Unter anderem behauptet der britische Hersteller einer der Wahlmaschinen in Venezuela, Smartmatic, die Zahlen zur Wahlbeteiligung seien "ohne jeden Zweifel manipuliert" worden. Sie wichen von der tatsächlichen Zahl um eine Million Stimmen ab.
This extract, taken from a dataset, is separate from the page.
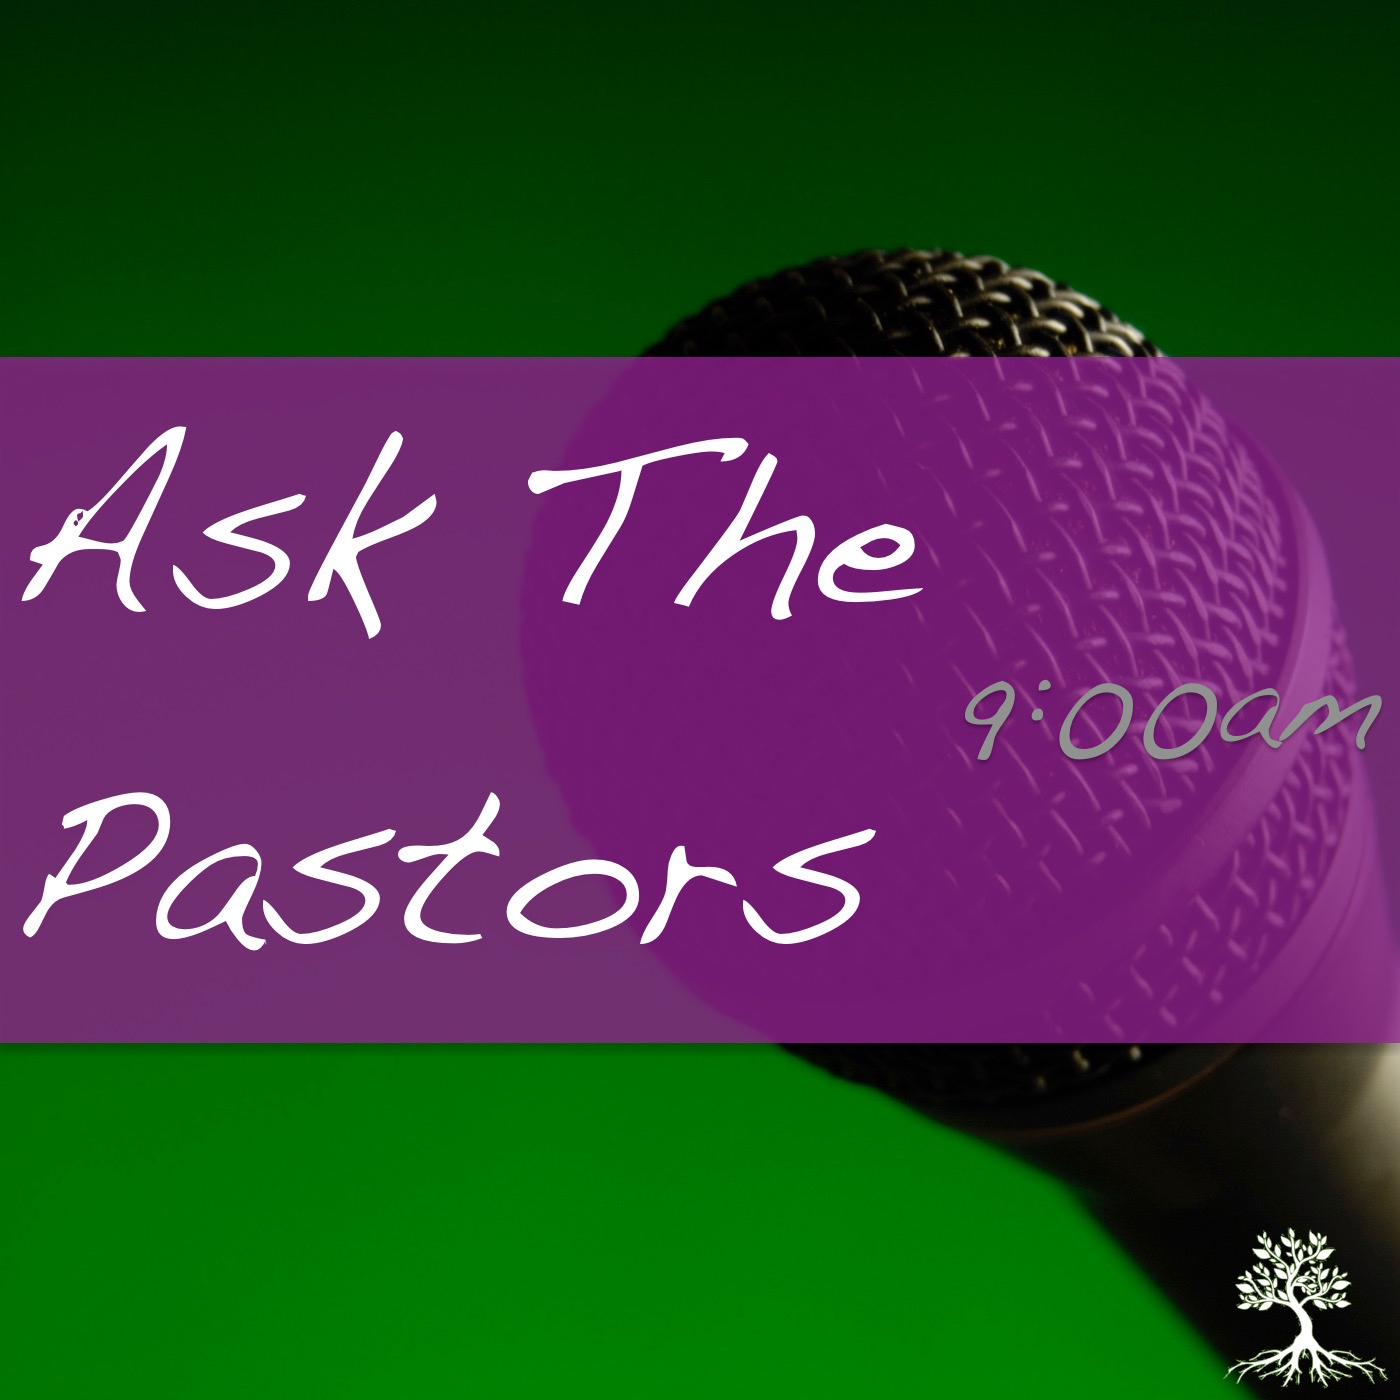 Ask The Pastors (9:00am 11/19/17)

Generalstaatsanwältin Luisa Ortega, selbst eine erbitterte Gegnerin Maduros, schaltete sich in den Fall ein und nahm Ermittlungen wegen des Verdachts auf Betrug auf. "Ich habe zwei Staatsanwälte beauftragt, gegen die vier Direktoren des Nationalen Wahlrats wegen dieses sehr skandalösen Vorgangs zu ermitteln", sagte sie dem Sender CNN.
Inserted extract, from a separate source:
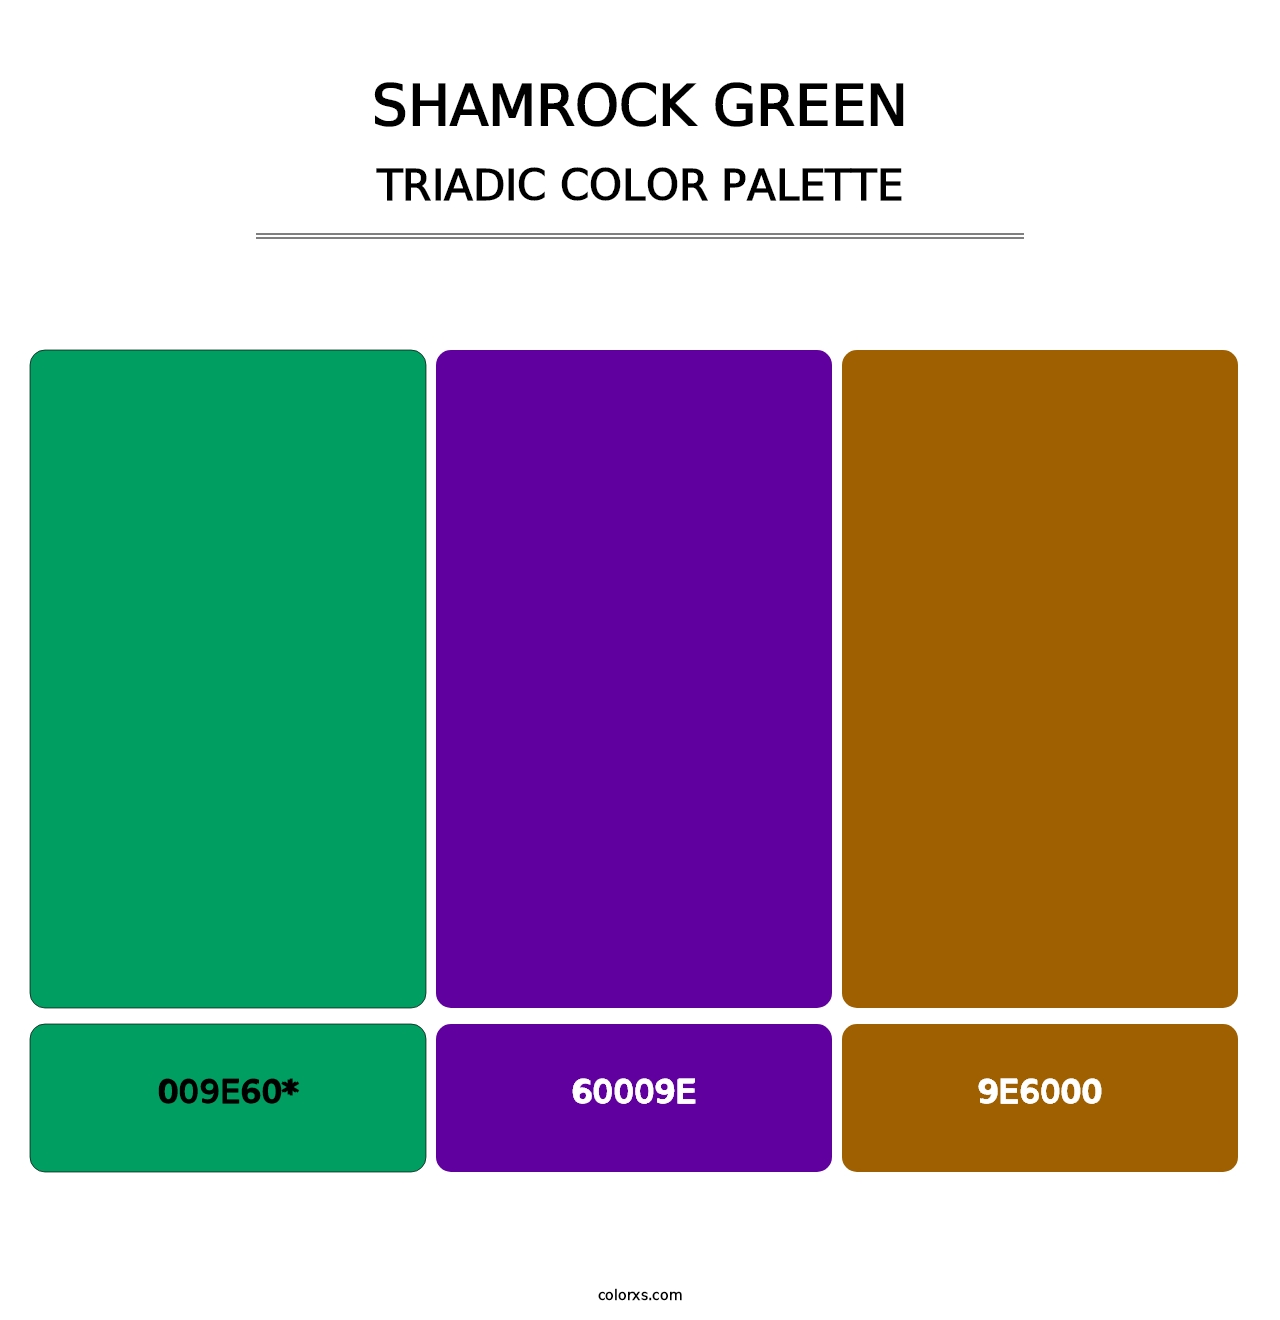 Shamrock Green - Triadic Color Palette

Die Leiterin der nationalen Wahlkommission, Tibisay Lucena, wies den Vorwurf der Manipulation zurück. Dieser sei eine "Meinung" eines Unternehmens, das keinen Zugang zu den Daten des Wahlausgangs habe. Ihre Kommission behalte sich das Recht vor, gegen die von ihr als "unverantwortlich" bezeichnete Aussage juristisch vorzugehen.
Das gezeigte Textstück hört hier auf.